The following core requirements are necessary to run the pipeline:
| Requirement | Version |
|---|---|
| Python | 3.10 |
| bowtie2 | 2.5.4 |
| samtools | 1.21 |
| cutadapt | 5.1 |
| pysam | 0.23.3 |
| matplotlib | 3.10.7 |
| edlib | 1.3.9 |
Follow these commands to clone the repository, create the necessary Conda environment (using mamba for speed), and install the package in editable mode:
# 1. Clone the repository
git clone [https://github.com/GuehoLab/DonorJunctionAnalysis](https://github.com/GuehoLab/DonorJunctionAnalysis)
# 2. Navigate to the directory
cd DonorJunctionAnalysis
# 3. Create the Conda environment using the provided environment file
mamba env create -f environment.yml -n mutation_analysis_env
# 4. Activate the newly created environment
mamba activate mutation_analysis_env
# 5. Install the package in editable mode (-e)
pip install -e .~5–10 minutes on a standard desktop computer
The tool is executed using a single command that requires several positional arguments.
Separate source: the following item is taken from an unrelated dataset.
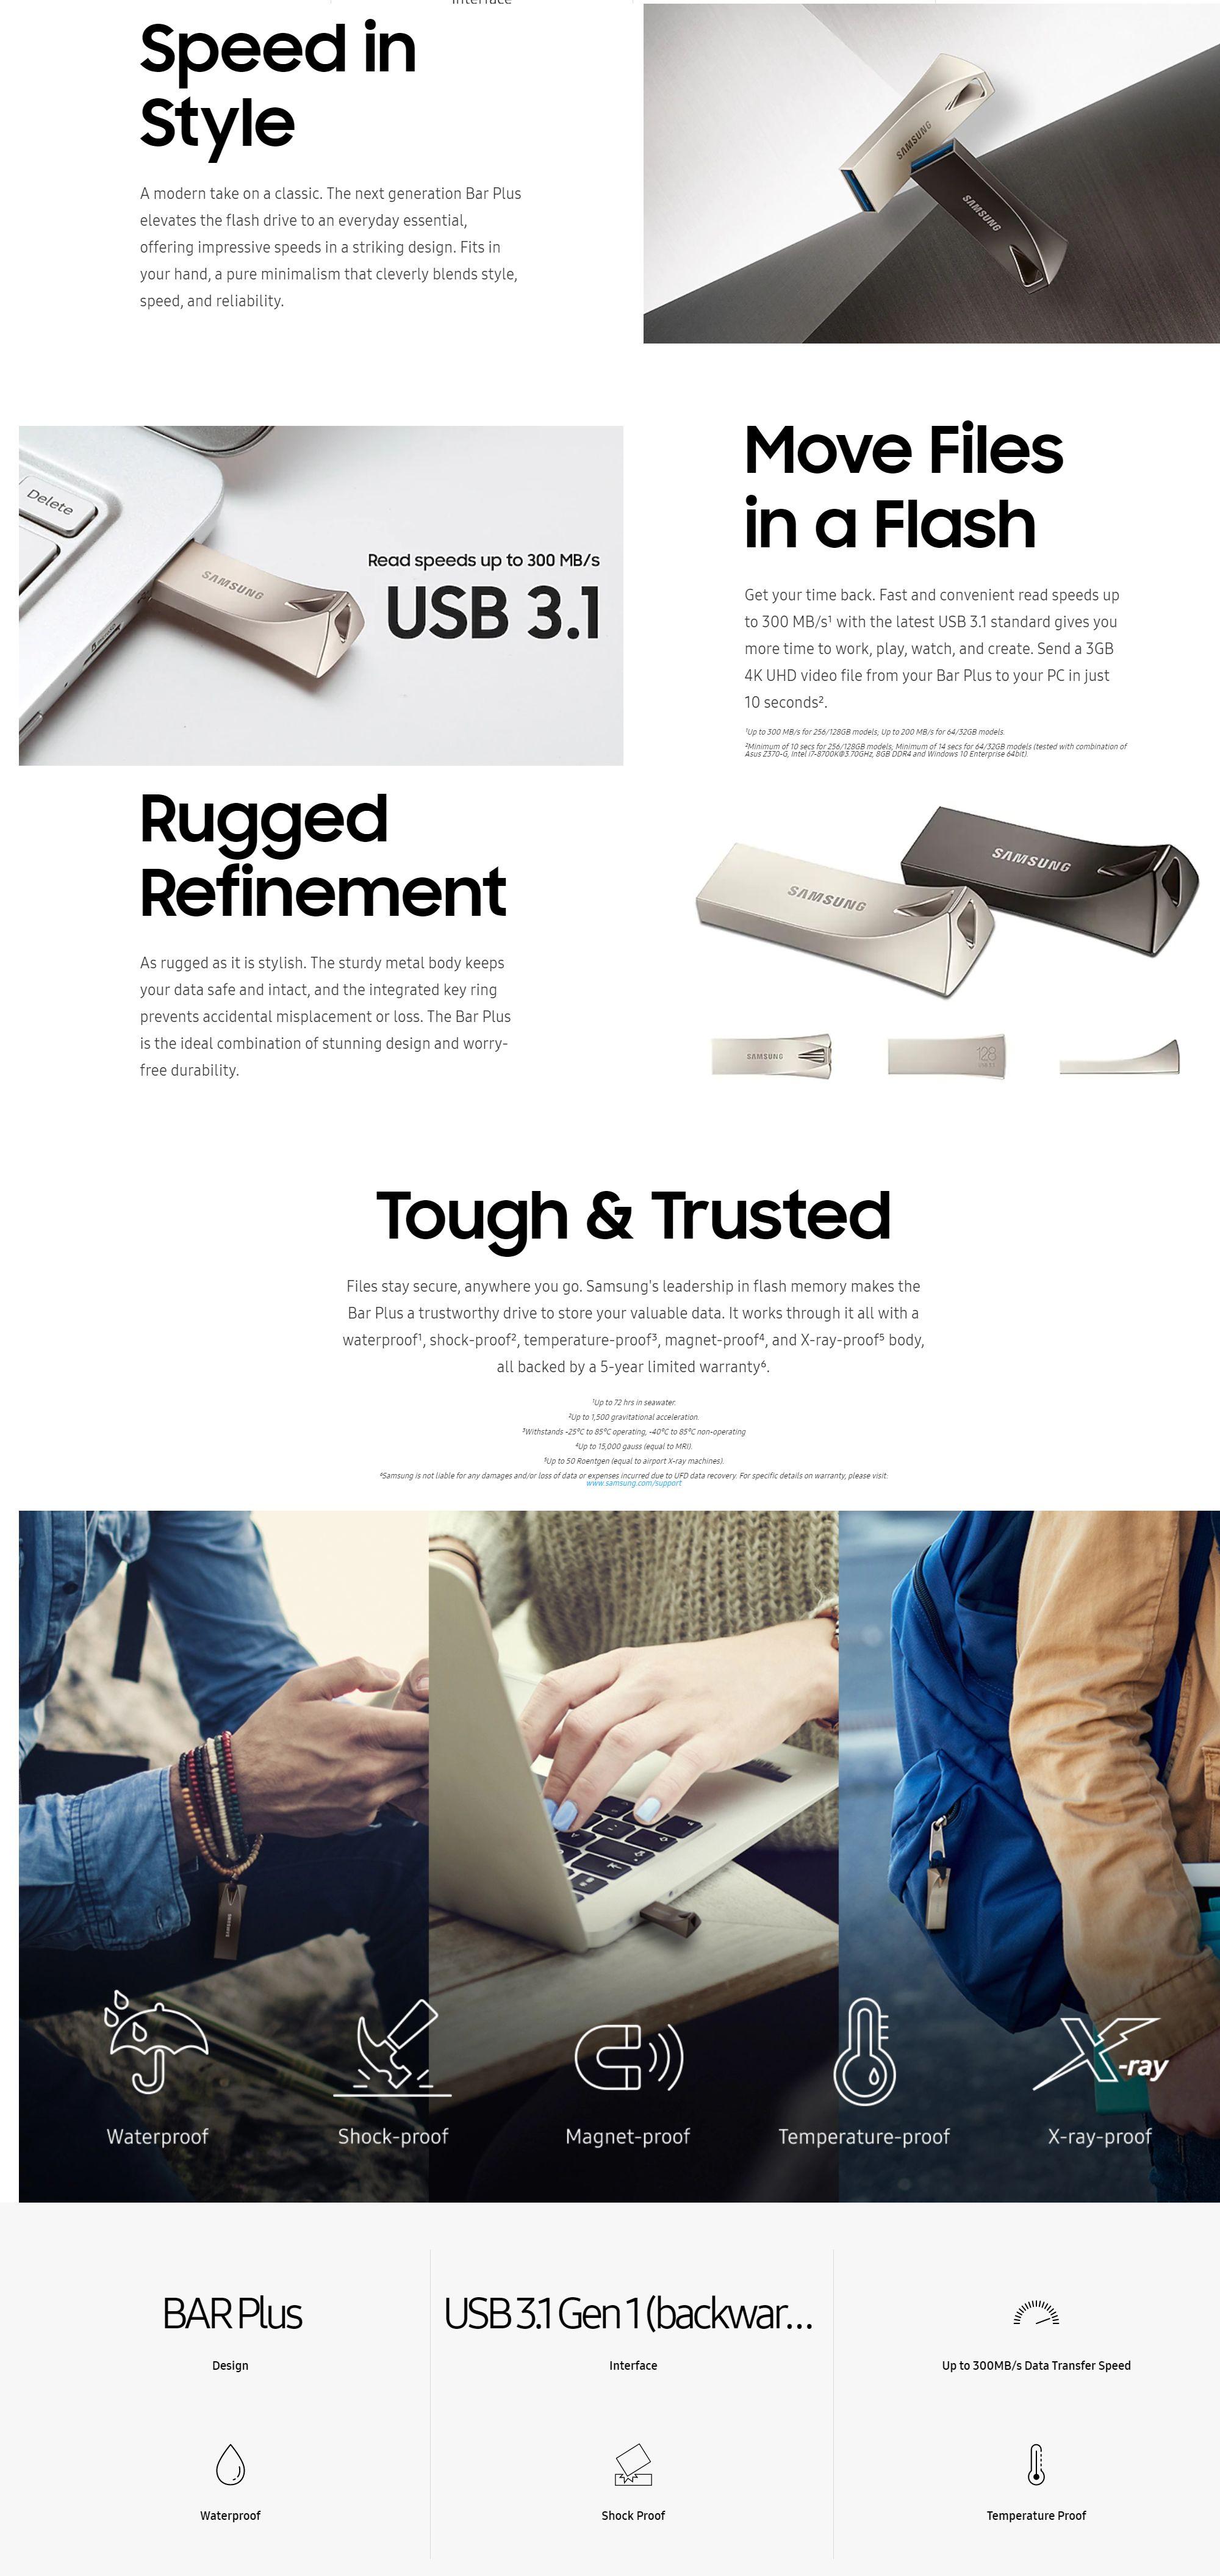 #1568 - 'USB 3_1 Flash Drive BAR Plus 128GB Champagne Silver Memory & Storage - MUF-128BE3_AM I Samsung US' - www_samsung_com.jpg
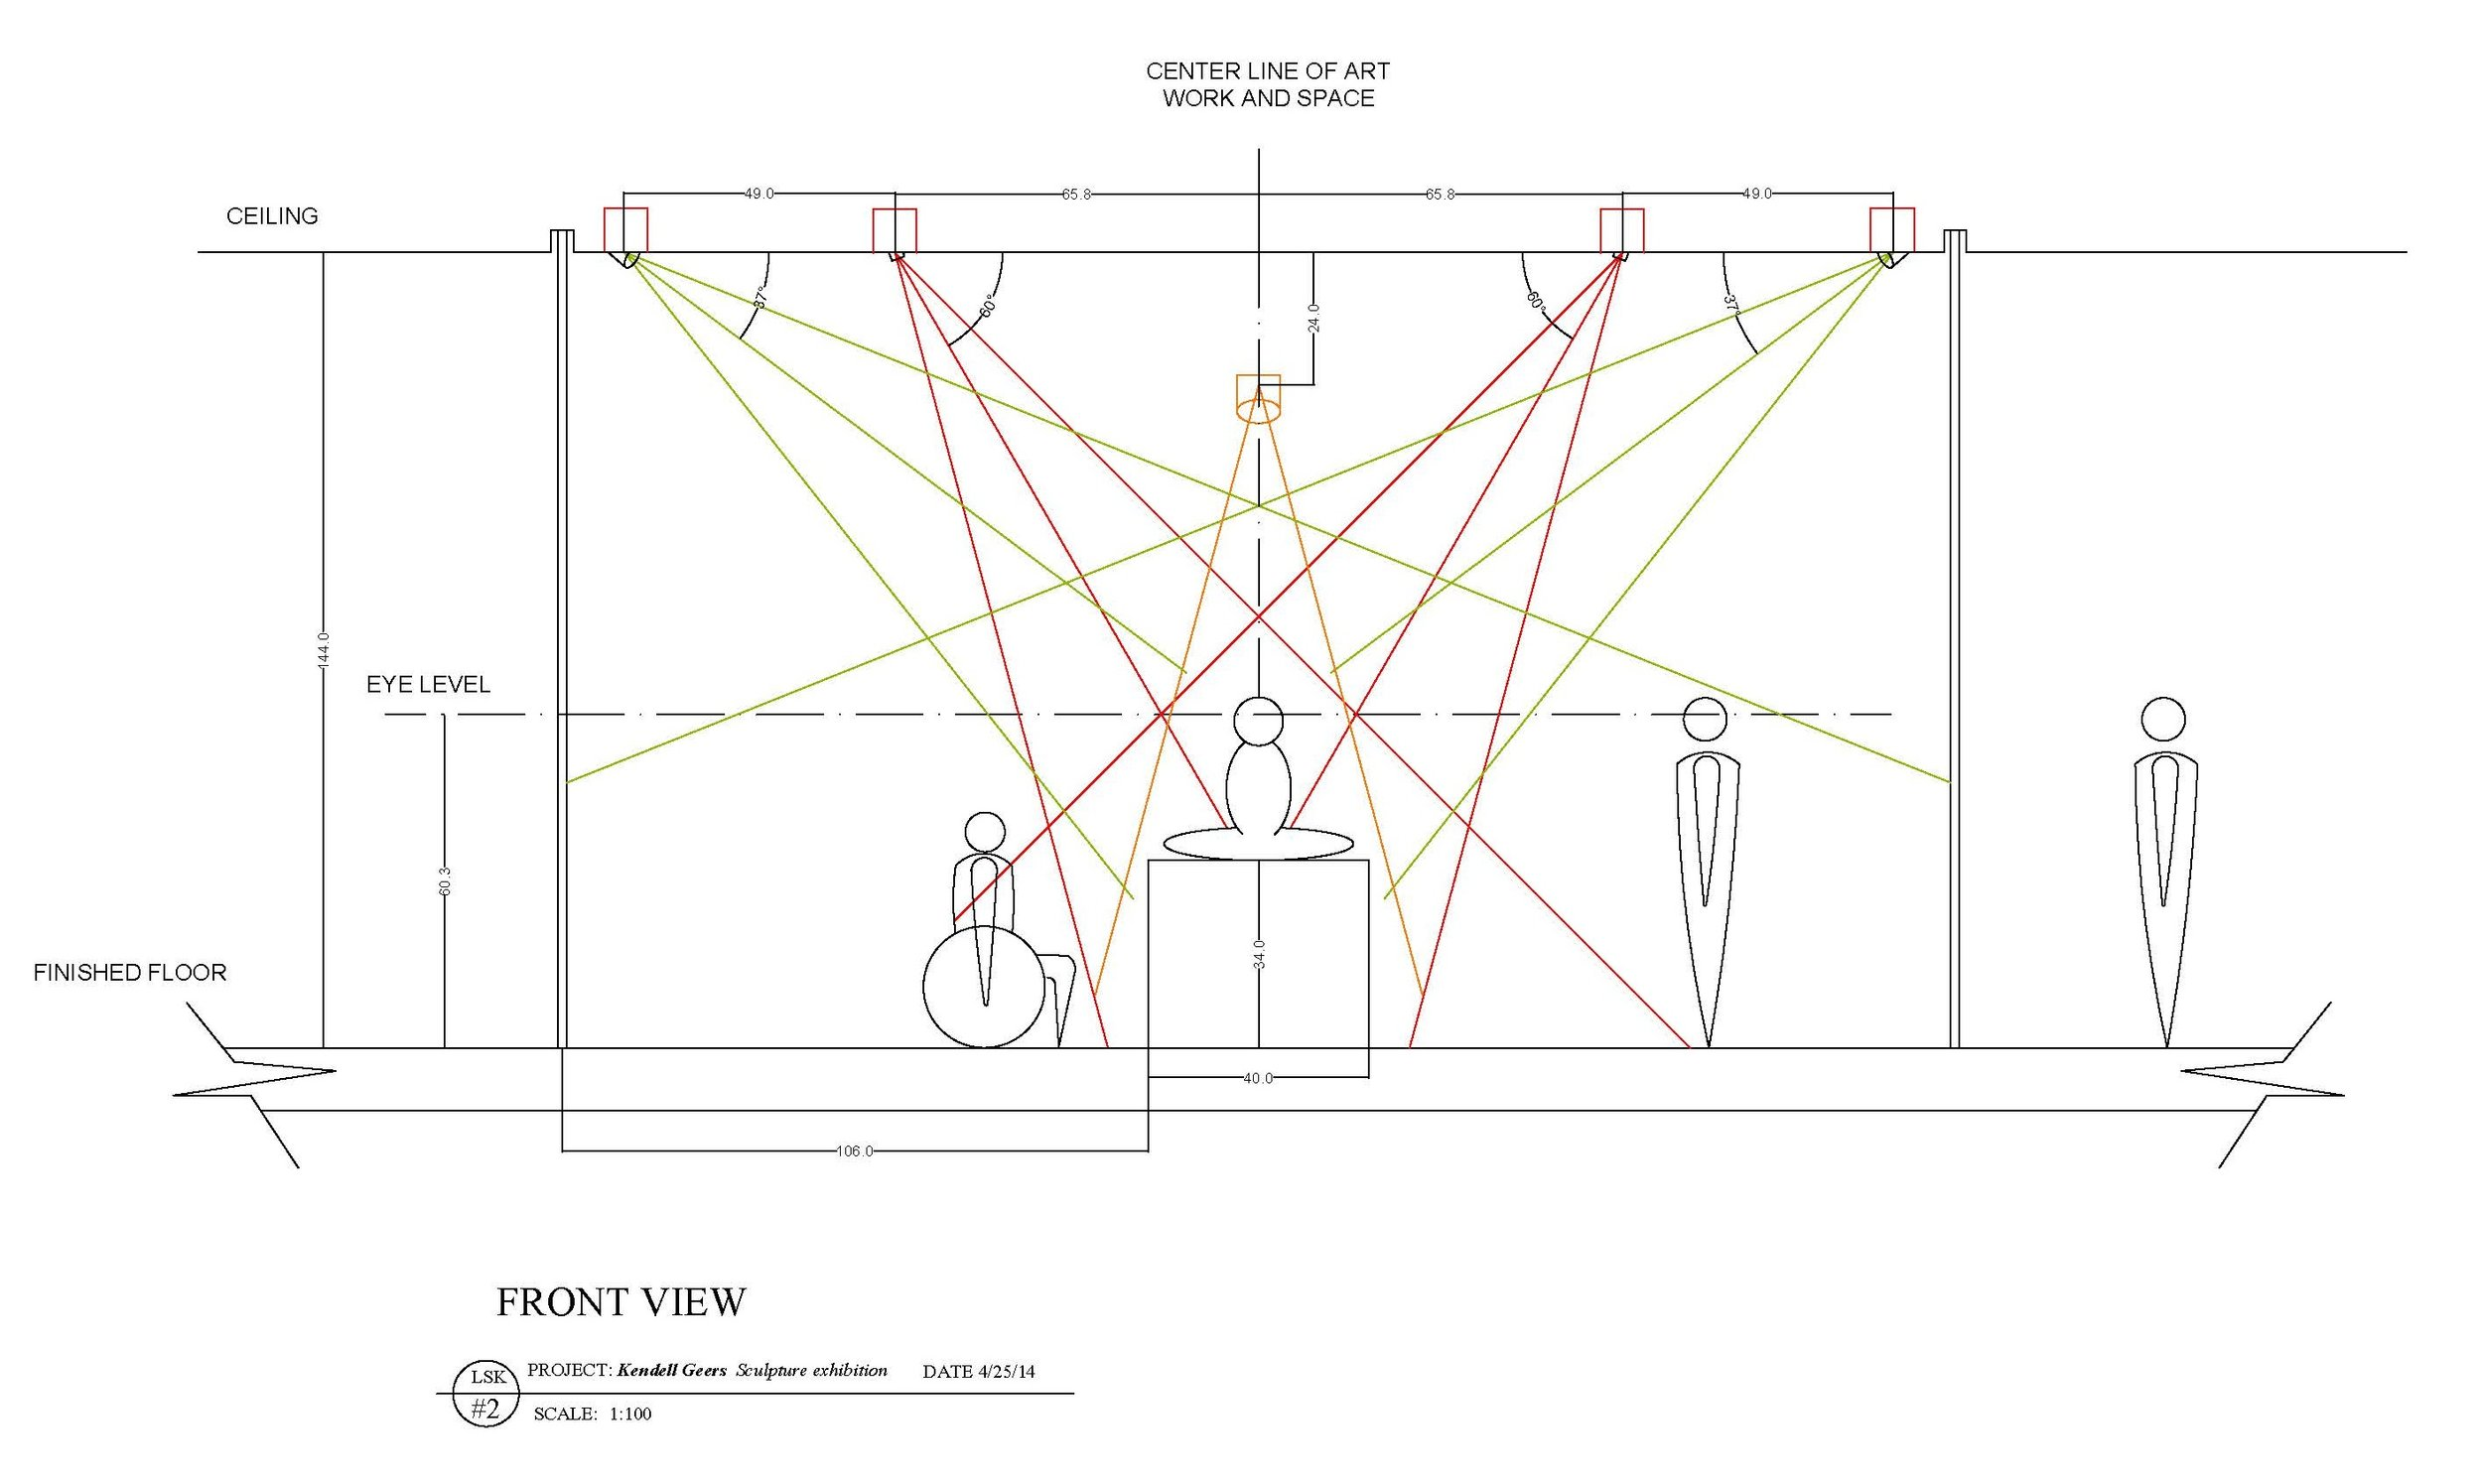 fatemeh-abadian-mps-interior-lighting-design-projects_17644195411_o.jpg

donor_junction_analysis {input_fastq} {output_directory} {output_name} {insert_sequence} {bowtie2_indexed_reference_genome} {cleavage_site}| Argument | Description | Important Note |
|---|---|---|
input_fastq |
FASTQ file containing the donor integration sequence. Supports .fastq and .fastq.gz formats. |
The read header MUST contain the UMI sequence, typically formatted like +ATTGGCAG (9 bases) at the end of the read ID field. |
output_directory |
Name of the directory where all output files will be saved. | The directory will be created if it does not exist. |
output_name |
Base name for all output files generated within the output_directory. |
|
insert_sequence |
The full donor sequence expected to be inserted into the genome. | |
bowtie2_indexed_reference_genome |
The genomic reference indexed using bowtie2. |
|
cleavage_site |
The target cleavage site position. | Format: {chromosome}:{position} (e.g., chr14:22547458). The chromosome name must match the name in the Bowtie2 index. |
You can run the provided example script within the cloned directory (ensure your reference files are correctly configured, especially if using a specific genome like GRCh38).
chmod +x ./example_run.sh
./example_run.shExpected runtime is ~2–5 minutes on a standard desktop computer
| Group | Argument | Type | Default | Description |
|---|---|---|---|---|
| Illumina Adaptor | --illumina_adaptor |
str |
AGATCGG...CT |
Illumina adaptor sequence(s) for cutadapt removal. |
--illumina_cutadapt_option |
str |
--overlap 10 --error-rate 0.10 -q 20 -m 20 |
Options passed directly to cutadapt for Illumina adaptor trimming. |
|
| Insert Trimming | --min_overlap_start |
int |
10 |
Minimum required overlap length for successful donor sequence trimming. |
--min_trimmed_length |
int |
50 |
Minimum required length of the read after trimming. | |
--strict_end_length |
int |
5 |
Length of the read end required to have a strict (perfect) match with the donor sequence. | |
--max_error_rate |
float |
0.1 |
Maximum allowed error rate (Edit Distance / Overlap Length) during alignment/trimming. | |
--max_reads |
int |
5_000_000 |
Maximum number of reads to process (for fast testing/debugging). | |
| Bowtie2 | --bowtie_option |
str |
--very-sensitive-local |
Options passed directly to the bowtie2 aligner. |
| Mutation Analysis | --umi_size_min |
int |
1 |
Minimum number of reads in a UMI cluster to be included in the analysis. |
--read_count_min |
int |
1 |
Minimum read count for the most frequent mutation within a UMI cluster to be considered the consensus. | |
| System | -t, --threads |
int |
8 |
Number of threads/processes to use for parallel processing. |
The primary output file, showing UMI-deduplicated mutation patterns where the deletion/insertion size is less than 1000 bp.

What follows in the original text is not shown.